Nothing else in the Complaint or its exhibits bears specifically on the timing of Singtex's conduct. Thus, as to constructive knowledge, Singtex asks the Court to conclude that Paragraph 27 and the copyrighted website, together, establish that Cocona would have known of its alleged injuries in 2010 had it been reasonably diligent. But to so hold, the Court would need to infer (for example) that Singtex successfully stole customers in 2010, or that the mere existence in 2010 of Singtex's website should have alerted Cocona that Singtex had stolen its trade secrets and that Singtex's marketing claims were false or misleading. At the 12(b)(6) stage, the Court must draw these inferences in the opposite direction-in Conoca's favor-if there is any reasonable way to do so. And it is, ultimately, reasonable to infer the opposite. One can read the Complaint and reasonably infer that no customers were successfully stolen until some point after 2012. One can read the Complaint and reasonably infer that the website would not have shown up on Cocona's radar until sometime in 2011 despite all due diligence. Accordingly, there is no "obvious bar to securing relief on the face of the complaint, " ASARCO, LLC, 2014 WL 4211113, at *3, and Singtex's affirmative defense cannot prevail on a motion to dismiss.

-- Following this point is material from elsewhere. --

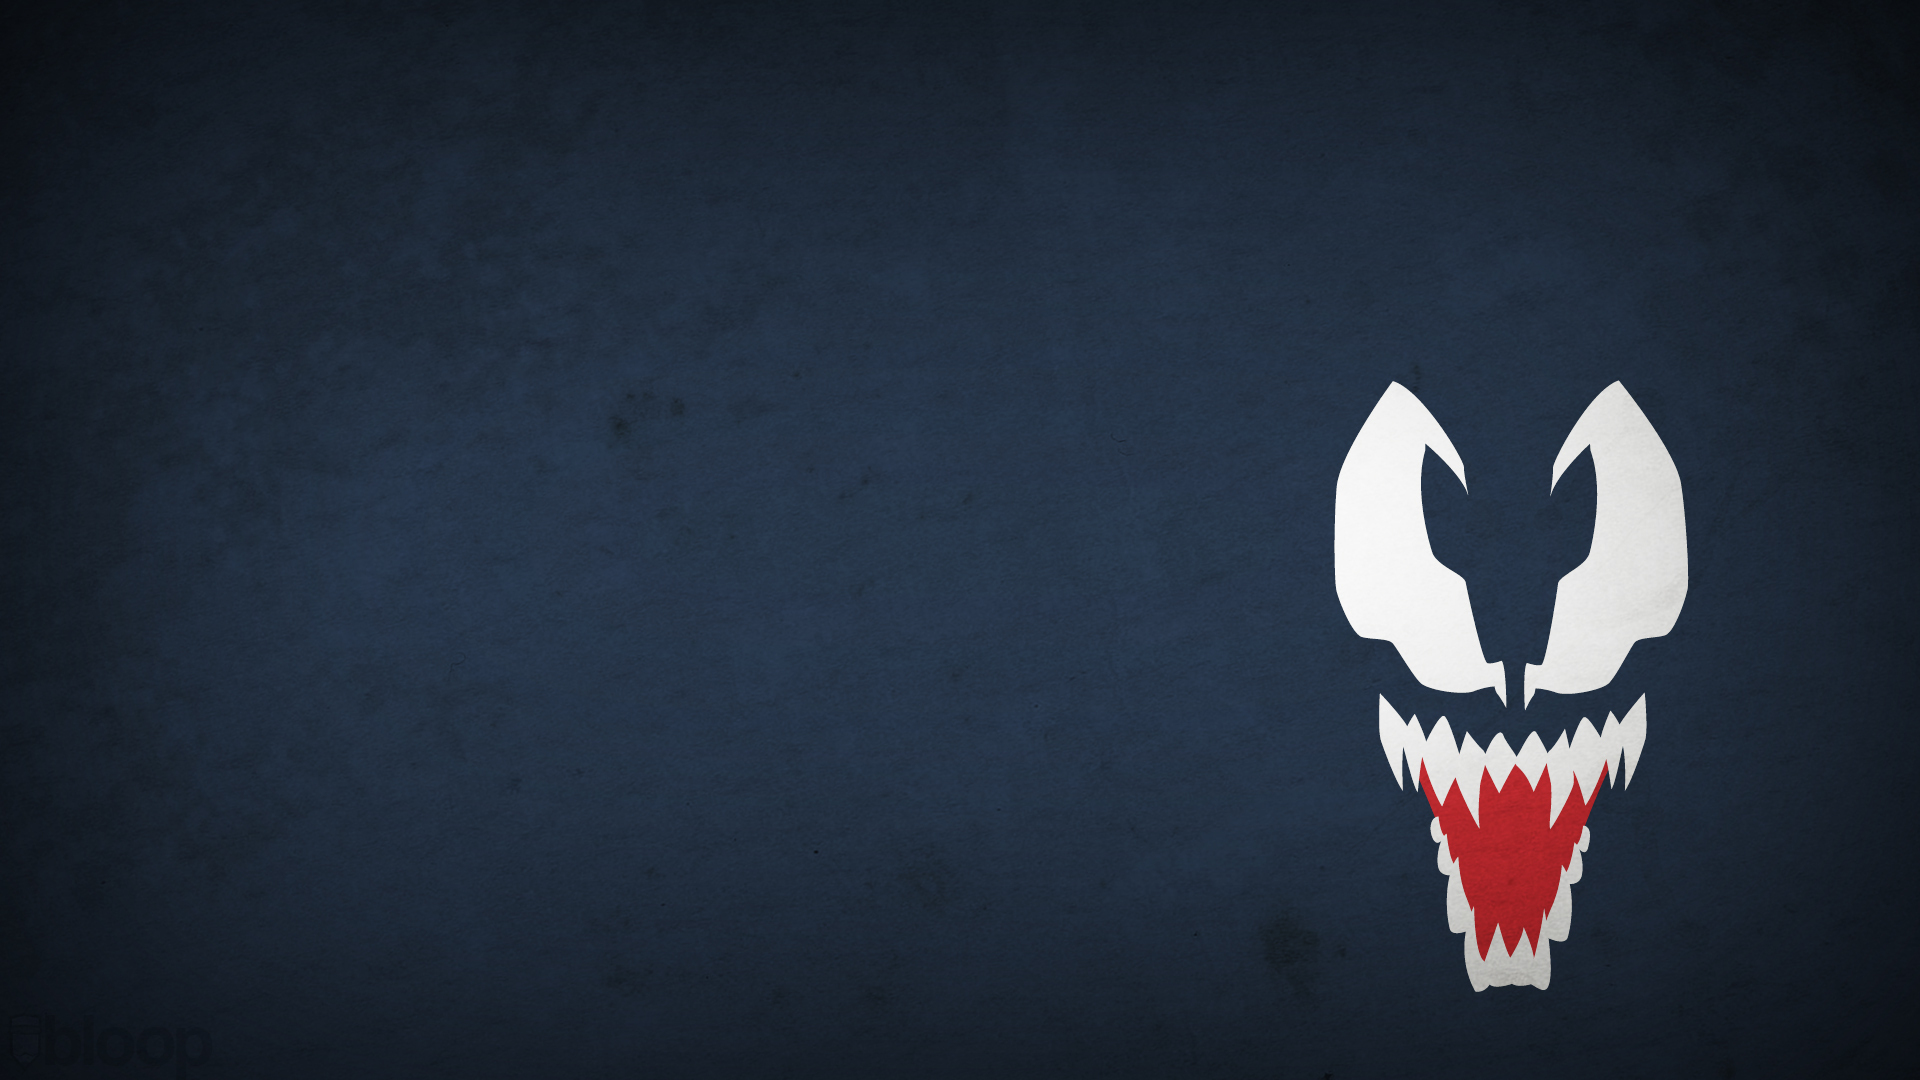 Venom vector

II. Claim 1: Breach of the Supplier Agreement
Cocona alleges that Singtex breached the 2008 Supplier Agreement:
Upon information and belief, Singtex breached the terms of the Supplier Agreement, including without limitation, by offering its S.Cafe and other natural fabric products in direct competition with Cocona; by using without permission Cocona's intellectual property, technology, and other proprietary materials; and by reverse engineering Cocona materials and processes.
(Docket No. 1, ¶ 49). Singtex does not challenge the factual sufficiency of Cocona's pleadings on this claim. Singtex instead argues that under Colorado law the contract is unenforceable in whole or in part, for two reasons: (1) the non-compete clause in the contract is void as against public policy; and (2) in any event, the contract had been de facto terminated by Cocona before any alleged breach occurred.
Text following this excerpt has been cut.